Con verbale di visita collegiale del 13 gennaio 1995, la Commissione medico
ospedaliera riconosceva l'appellante "non idoneo permanentemente al servizio
nella Polizia di Stato in modo parziale", ritenendolo "controind.to ai servizi
che comportino stress psicofisici, la irregolare assunzione dei pasti".
A seguito dell'accertamento medico, il Ministero dell'interno disponeva che
l'interessato fosse adibito a "servizi interni diurni" (decreto in data 17
febbraio 1995).
Nel corso del quinquennio successivo (febbraio 1995 - novembre 2000) il B.

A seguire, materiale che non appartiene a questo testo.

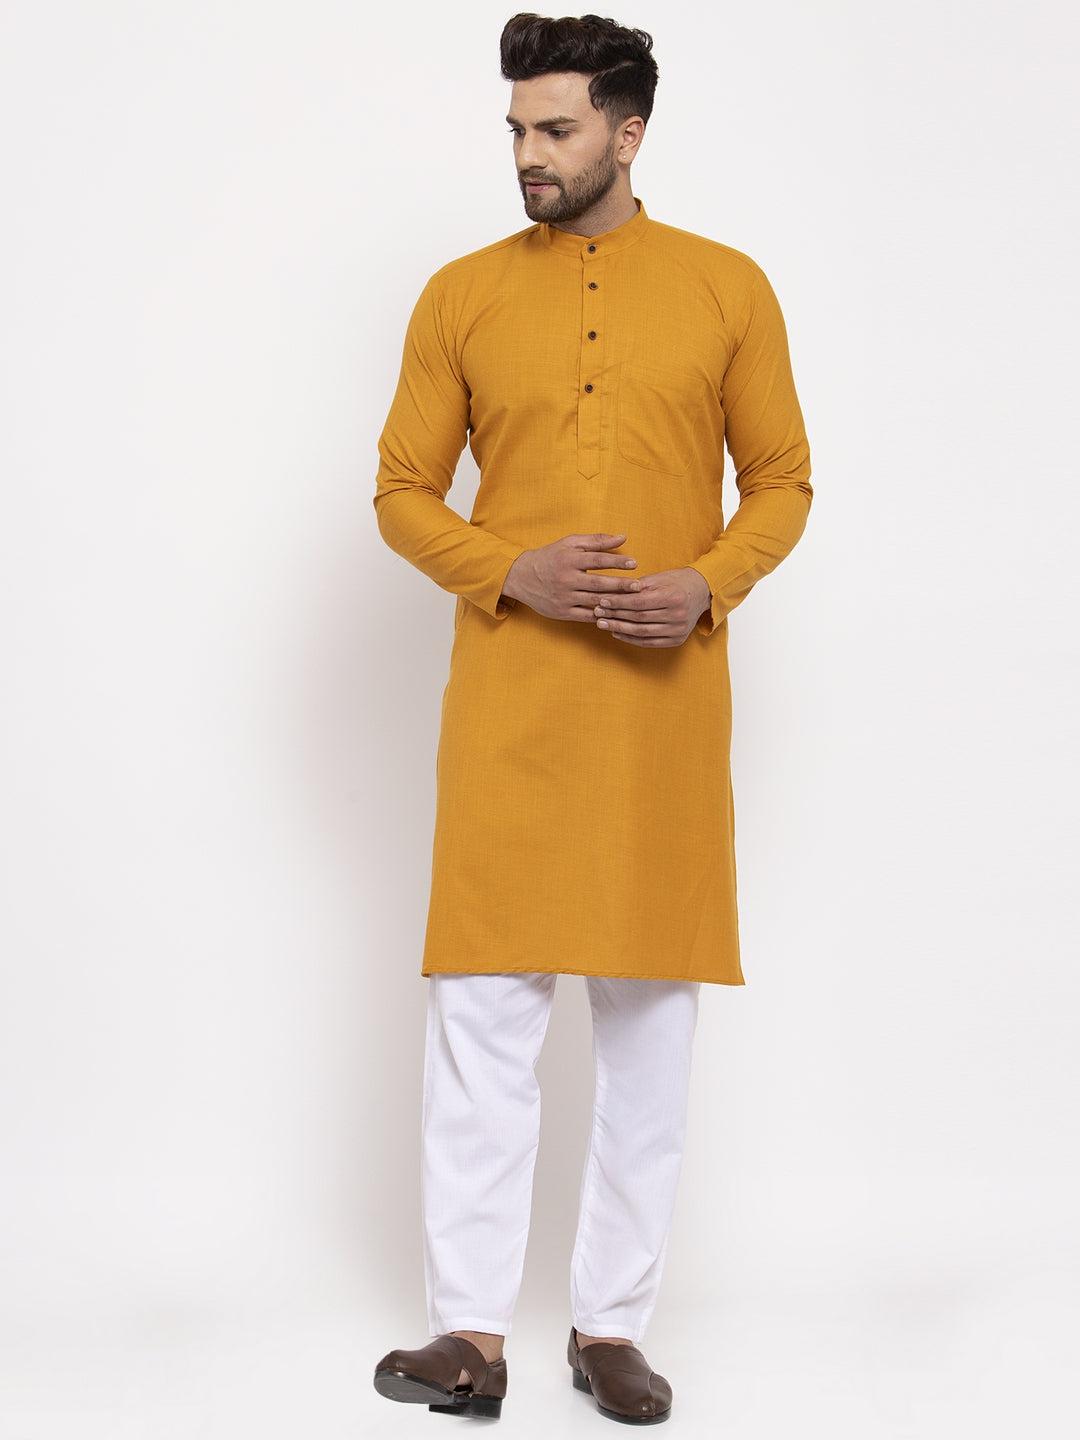 cotton-solid-kurta-pyjama-10408156YL, Men Indian Ethnic Clothing, Cotton Men Kurta Pyjama Set

svolse presso lo scalo di Bari Palese i compiti di "capo turno di frontiera" e
solo dal novembre del 2000 fu adibito a compiti di "responsabile di segreteria
con turno diurno 814'.
Infine, con verbale in data 8 marzo 2002 la Commissione medico ospedaliera lo
dichiarò "non idoneo permanentemente al servizio nella Polizia di Stato, nei
ruoli tecnici della P.S. (nonché) in altre amministrazioni civili dello Stato,
disponendone il congedo assoluto".
Con il ricorso giurisdizionale, il B. ha lamentato che il mancato rispetto dei
doveri di protezione nei confronti del lavoratore (art. 2087 Cod. civ.) aveva
cagionato numerosi danni di carattere patrimoniale e non patrimoniale (danno per
differenziale retributivo, danno biologico, danno morale, danno esistenziale),
di cui chiedeva l'integrale ristoro.
Con la sentenza qui impugnata, il Tribunale amministrativo regionale per la
Puglia respinse il ricorso proposto, osservando:
- che il carattere contrattuale della responsabilità del datore di lavoro ai
sensi dell'art. 2087 Cod. civ. (e l'inversione dell'onere della prova che ne
deriva) non esclude che gravi sul lavoratore quanto meno l'obbligo di allegare
in modo concreto il fatto storico all'origine dell'inadempimento;
- che nel caso di specie non era stato allegato alcun comportamento illecito da
parte dell'amministrazione, la quale - al contrario - aveva agito in modo
ragionevole al fine di non aggravare lo stato di salute del dipendente (adibito
a servizi interni diurni a partire dal febbraio 1995);
- che l'amministrazione non aveva contraddetto le prescrizioni fornite dalla
C.M.O. nel gennaio del 1995, avendo adibito l'interessato a mansioni lavorative
del tutto compatibili con quanto indicato dalla commissione;
- che, in definitiva, l'interessato non aveva allegato alcun elemento idoneo a
far ritenere che lo svolgimento dei compiti di "capo turno di frontiera"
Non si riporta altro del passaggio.